- WHAT IS NEEDED: Please transcribe the data below exactly. Leave the pictures out.

- DATA BELOW:
====
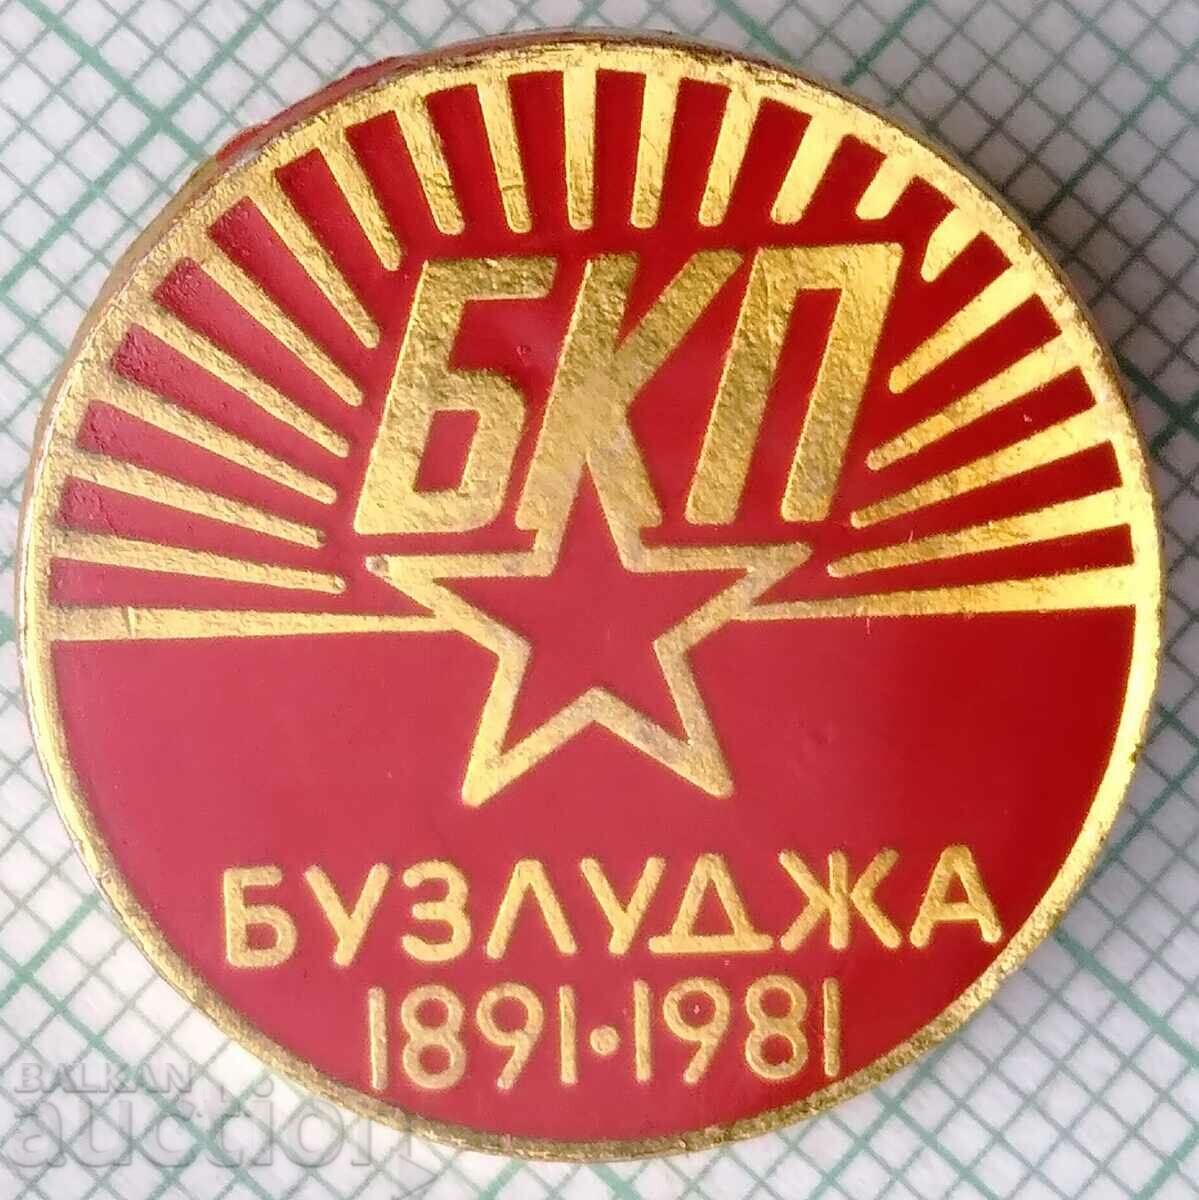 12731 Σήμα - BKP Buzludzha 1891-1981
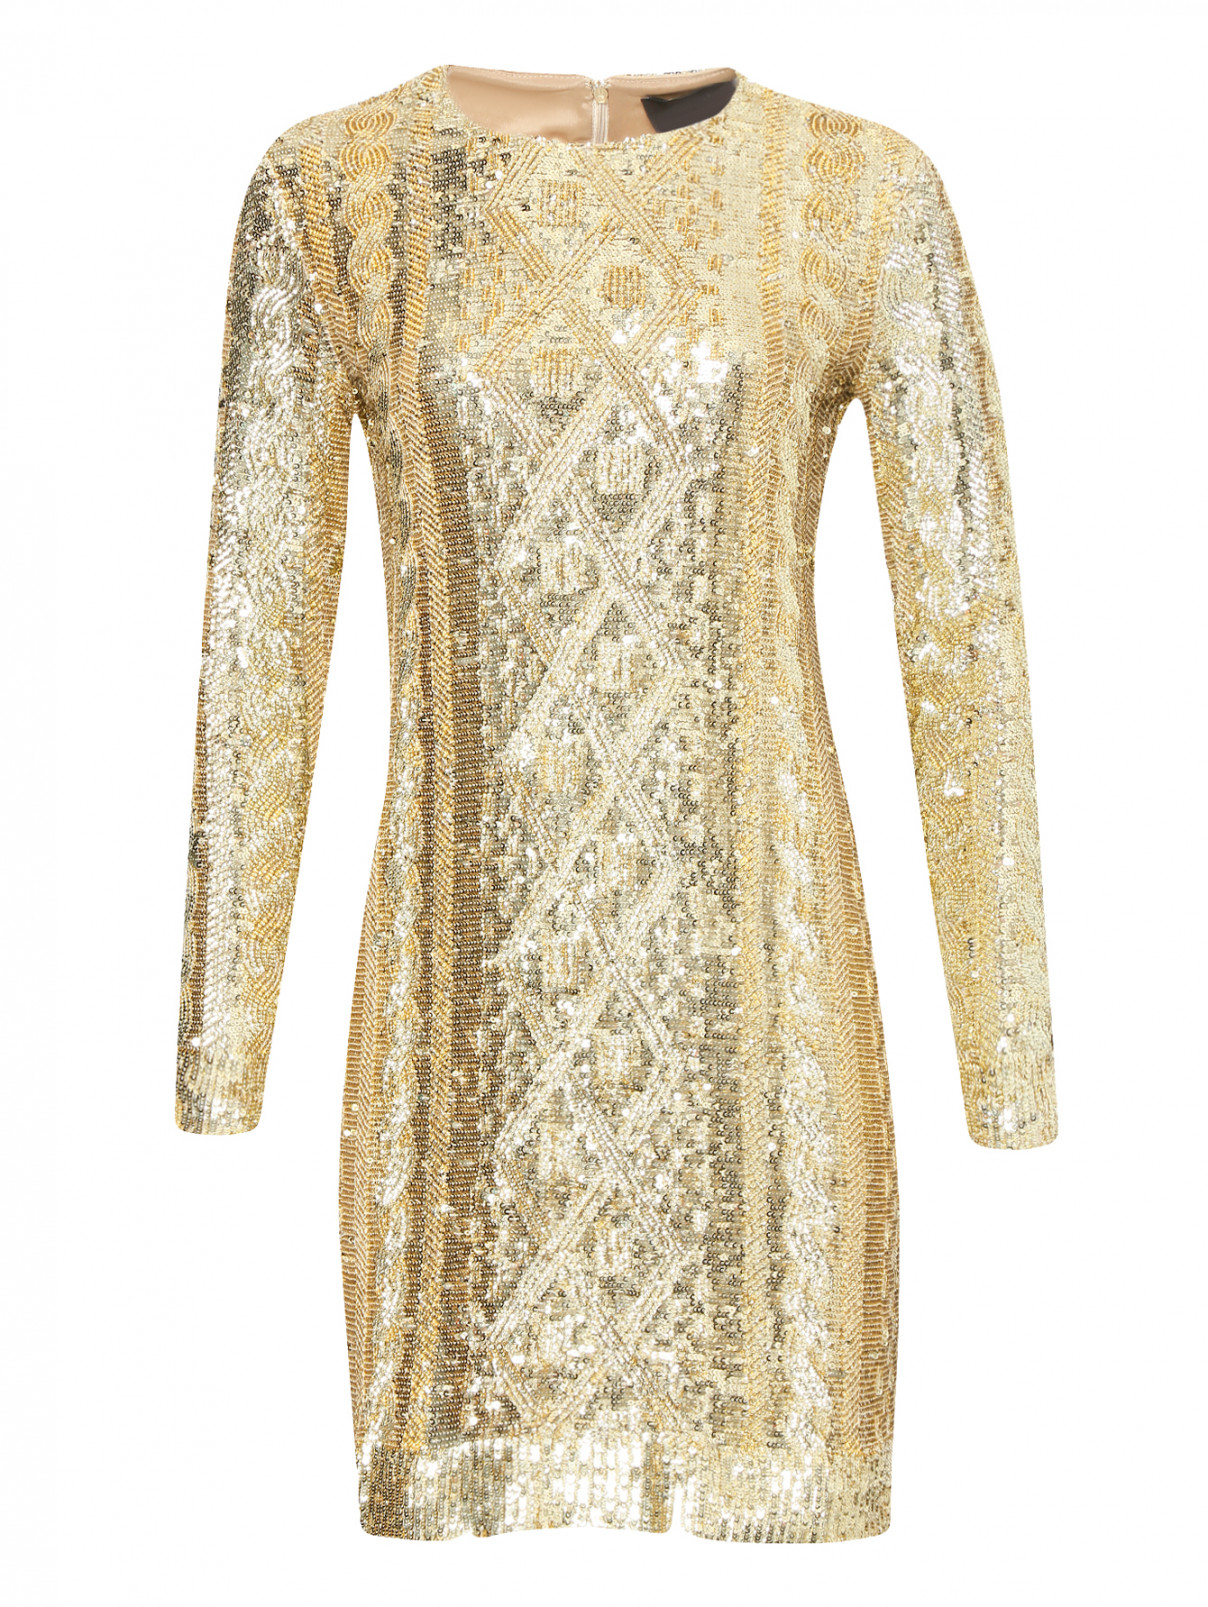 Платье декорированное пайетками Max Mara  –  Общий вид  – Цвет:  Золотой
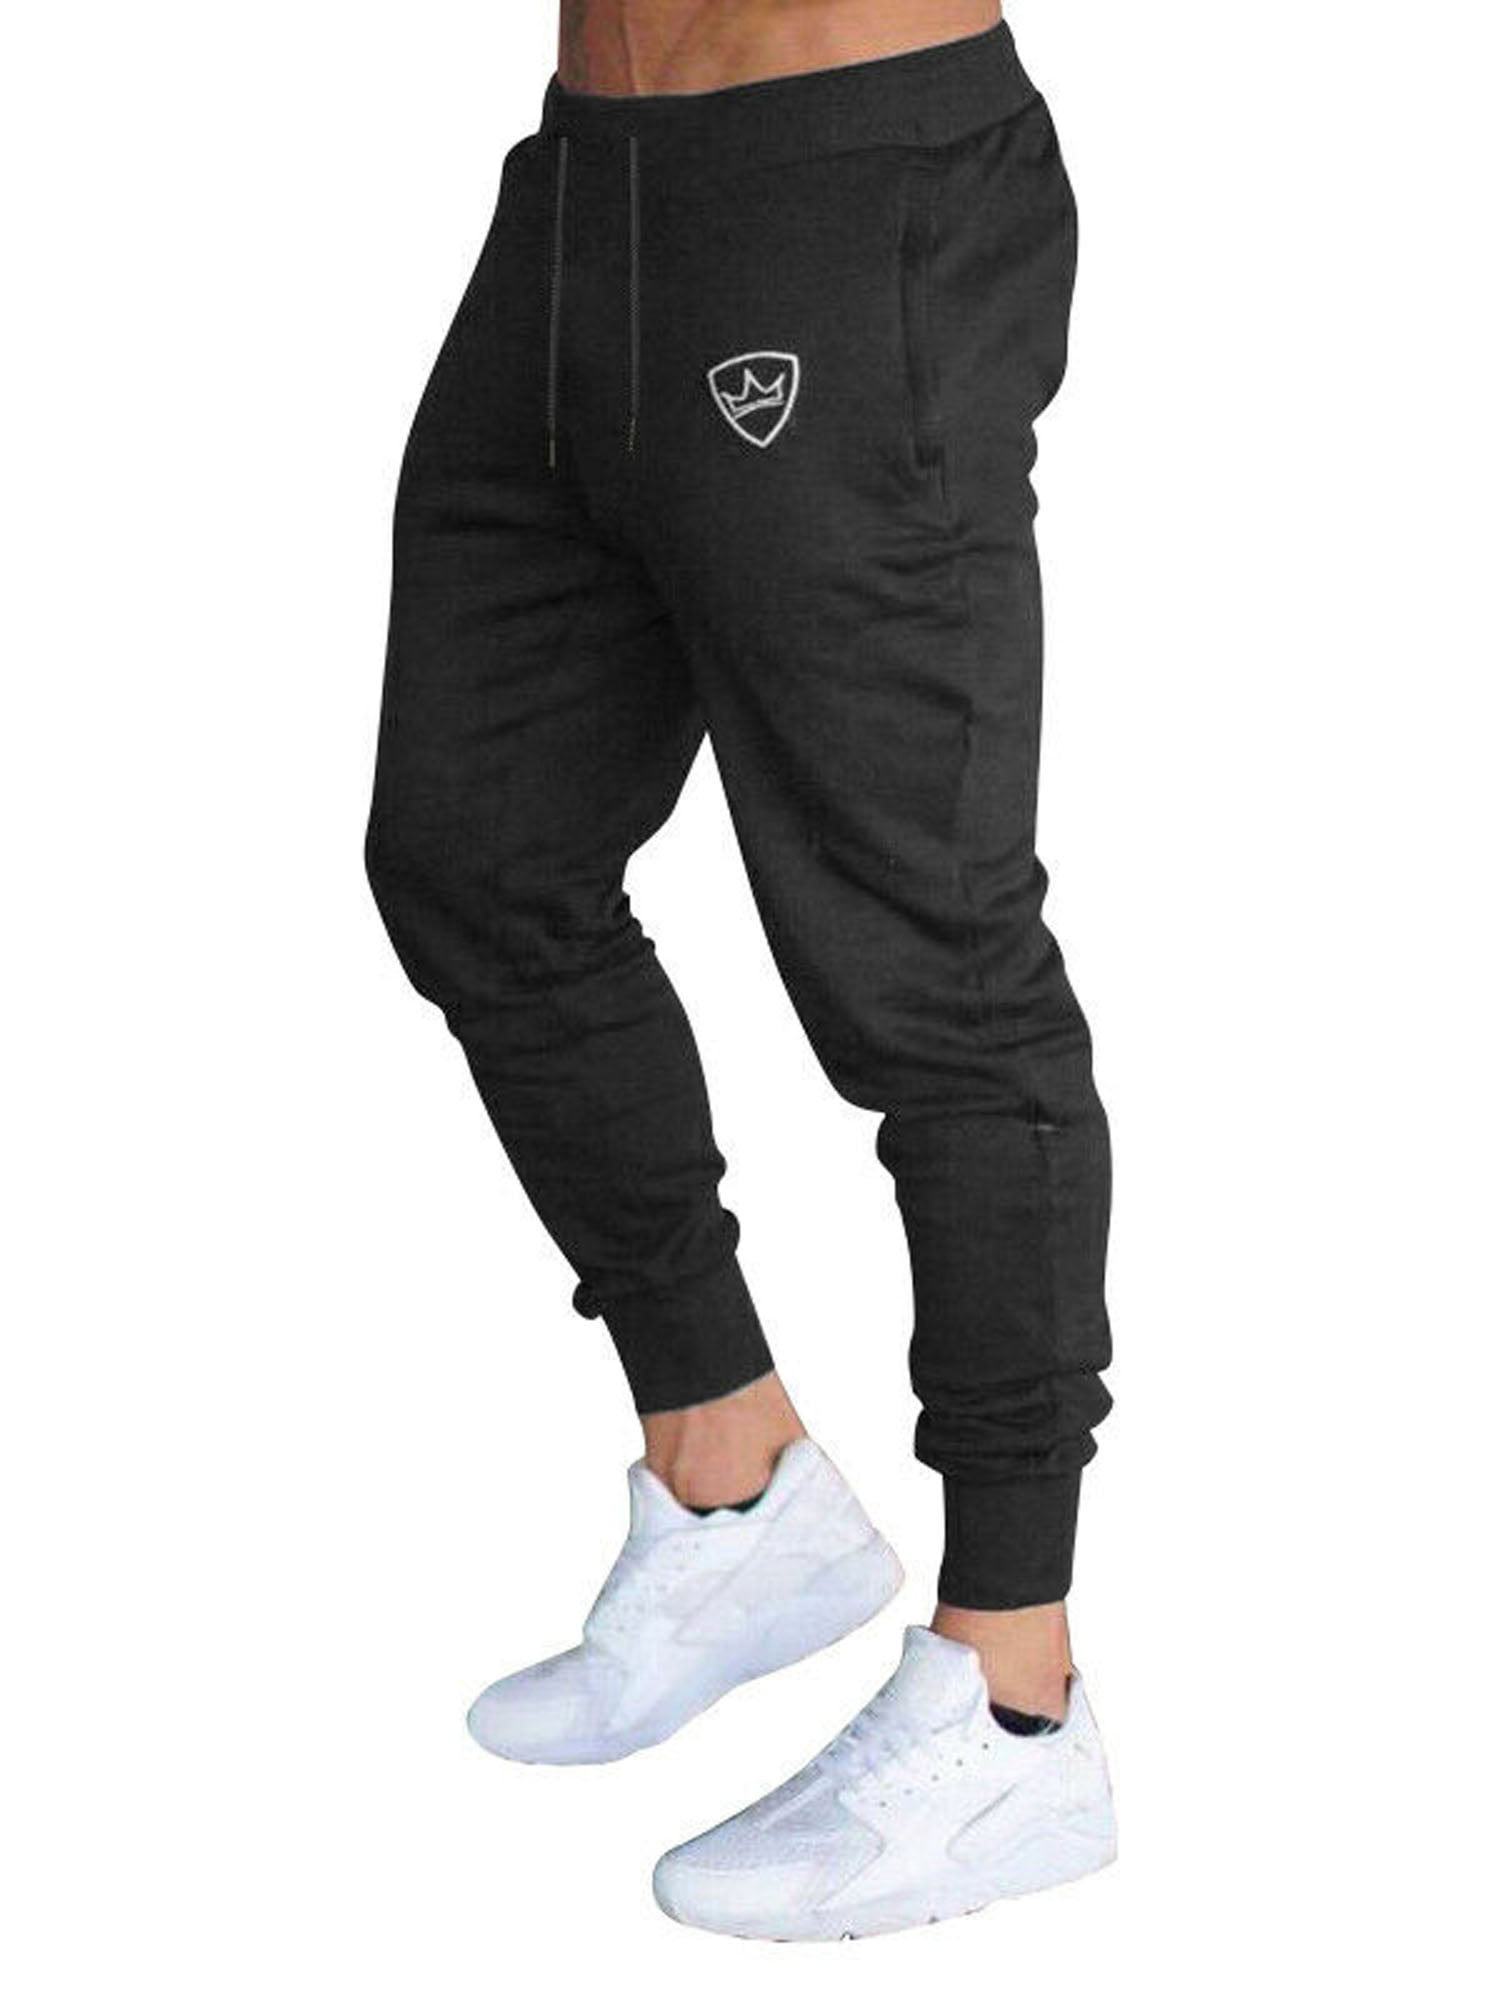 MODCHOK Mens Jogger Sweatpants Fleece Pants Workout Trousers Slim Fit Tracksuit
====
- ANSWER TO THIS EXERCISE:
 12731 Σήμα - BKP Buzludzha 1891-1981
 Платье декорированное пайетками Max Mara  –  Общий вид  – Цвет:  Золотой
 MODCHOK Mens Jogger Sweatpants Fleece Pants Workout Trousers Slim Fit Tracksuit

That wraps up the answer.